I've been looking for a new tractor that is pretty comparable to what you guys are posting pics of. I want to use it on tree job sites with a grapple. But I am thinking it will be just as handy to load trees we are planting on to the truck, then put the loader on a trailer and bring it with us so we can move the trees, use an auger to help dig holes, move wood chips, etc. I've been using that type of tractor a lot lately and I like it but I don't own it. I'm trying to convince them to sell it to me but I'm looking for a different one just in case they won't.


----------



## tree MDS (Apr 25, 2021)

mike515 said:


> I've been looking for a new tractor that is pretty comparable to what you guys are posting pics of. I want to use it on tree job sites with a grapple. But I am thinking it will be just as handy to load trees we are planting on to the truck, then put the loader on a trailer and bring it with us so we can move the trees, use an auger to help dig holes, move wood chips, etc. I've been using that type of tractor a lot lately and I like it but I don't own it. I'm trying to convince them to sell it to me but I'm looking for a different one just in case they won't.

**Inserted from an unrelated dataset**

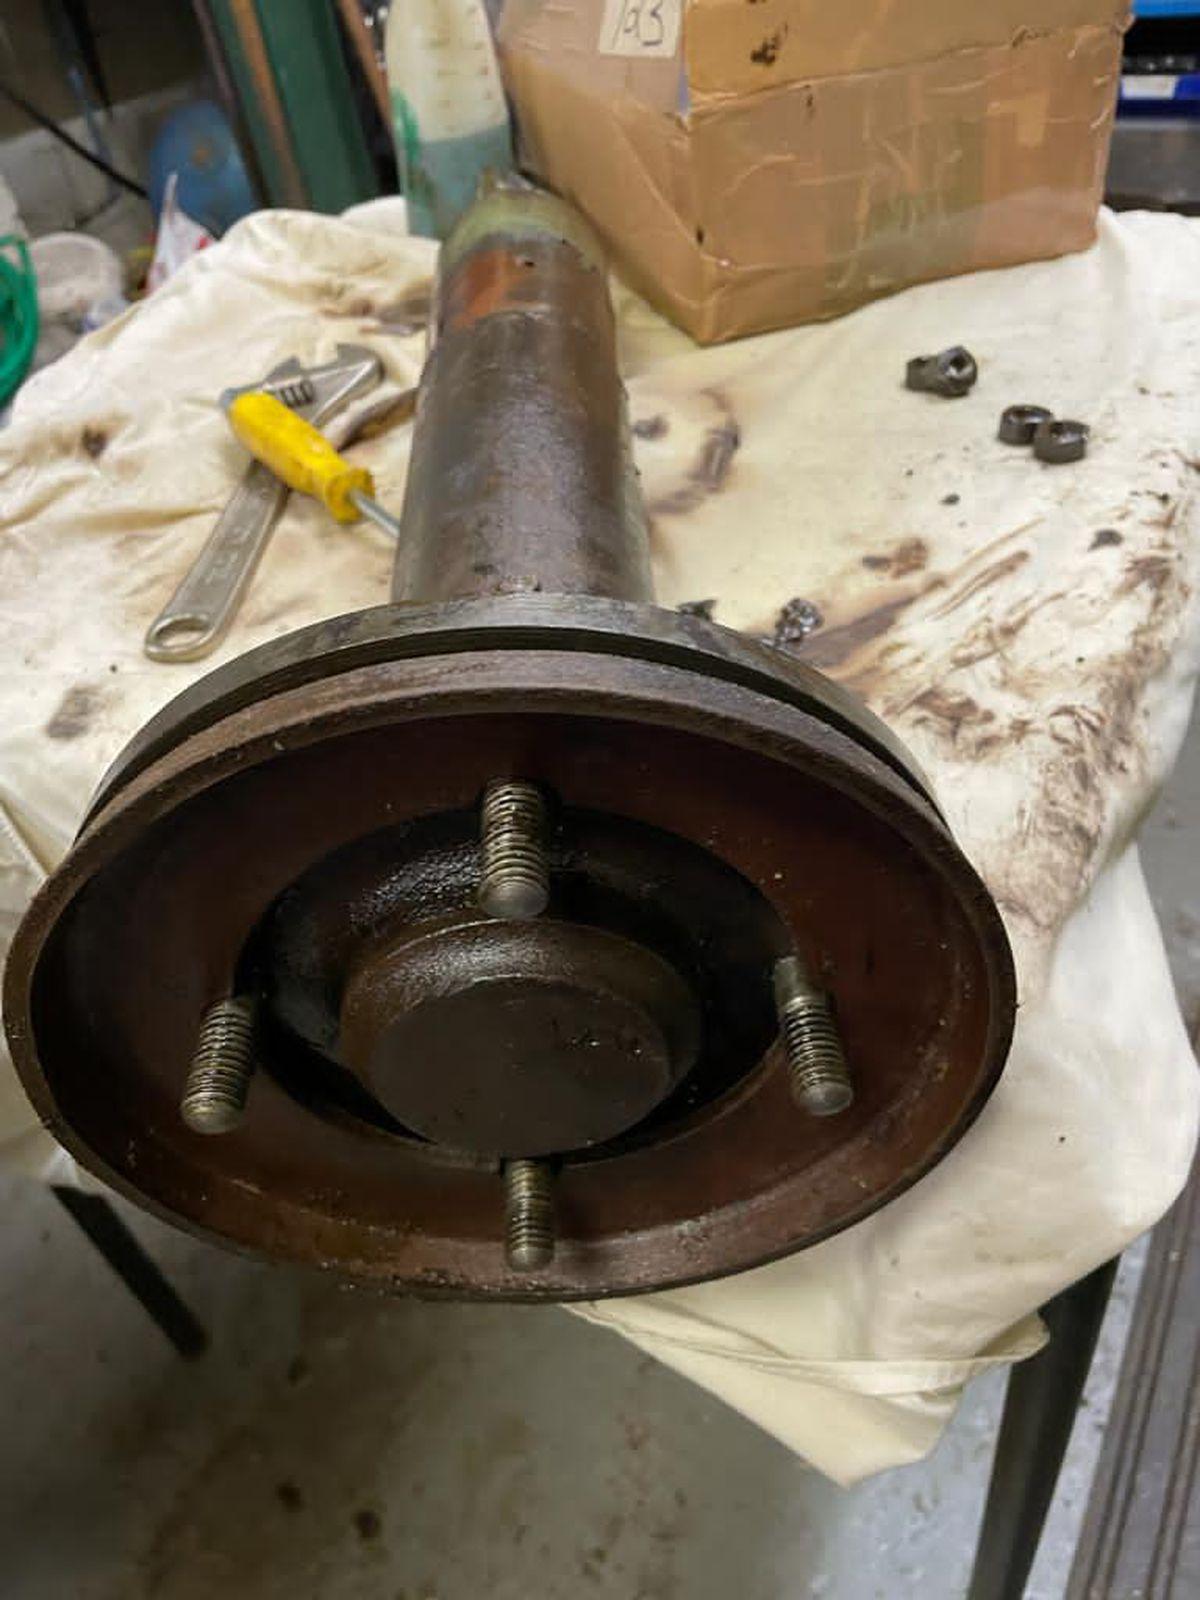 Brake piston seals which needed repairing

Tractor is great but an articulating, telescoping loader with one of those tree/pot clamp (whatever it’s called. Almost looks like a bale clamp, the one I’m thinking of) attachments would be ideal for the nursery. More lifting power, more maneuverable (think in between rows of trees, etc.), and telescope would allow you to load the other side of the truck. Add a grapple and then you have a tree machine too. Pricey, but just a thought.


----------



## mikewhite85 (Apr 26, 2021)

We pull trees with our farmi winch on almost a daily basis. We've pulled some pretty heavy leaners! Really great tool.


----------



## mikewhite85 (Apr 26, 2021)

Oh and I echo the comment about putting a receiver hitch under the block. Great for moving around chippers and trailers


----------



## Tigwelder83 (Apr 26, 2021)

mikewhite85 said:


> Oh and I echo the comment about putting a receiver hitch under the block. Great for moving around chippers and trailers


Yeah we need to do that, guys mentioned that this am. The ability to pull with feel is awesome


----------



## Tigwelder83 (May 6, 2021)

A little action pics today. Pretty impressive for a compact tractor. Couldn't winch out the bucket truck though... but then again it weights 25k easily.


----------



## tree MDS (May 7, 2021)

Omg, man, where’s the plywood!!??


----------



## Tigwelder83 (May 7, 2021)

tree MDS said:


> Omg, man, where’s the plywood!!??


At $100 a sheet, good topsoil is cheaper


----------



## tree MDS (May 7, 2021)

Tigwelder83 said:


> At $100 a sheet, good topsoil is cheaper


Lmao there’s already plenty of good topsoil and established lawn there just getting it’s ass handed to it!! Lol


----------



## mikewhite85 (May 7, 2021)

Tigwelder83 said:


> At $100 a sheet, good topsoil is cheaper


$30 for a 3/4" sheet at M and M Barn Sales in Harrison Valley, an hour from you, if you're looking. We bought a dozen sheets there a month or two back.


----------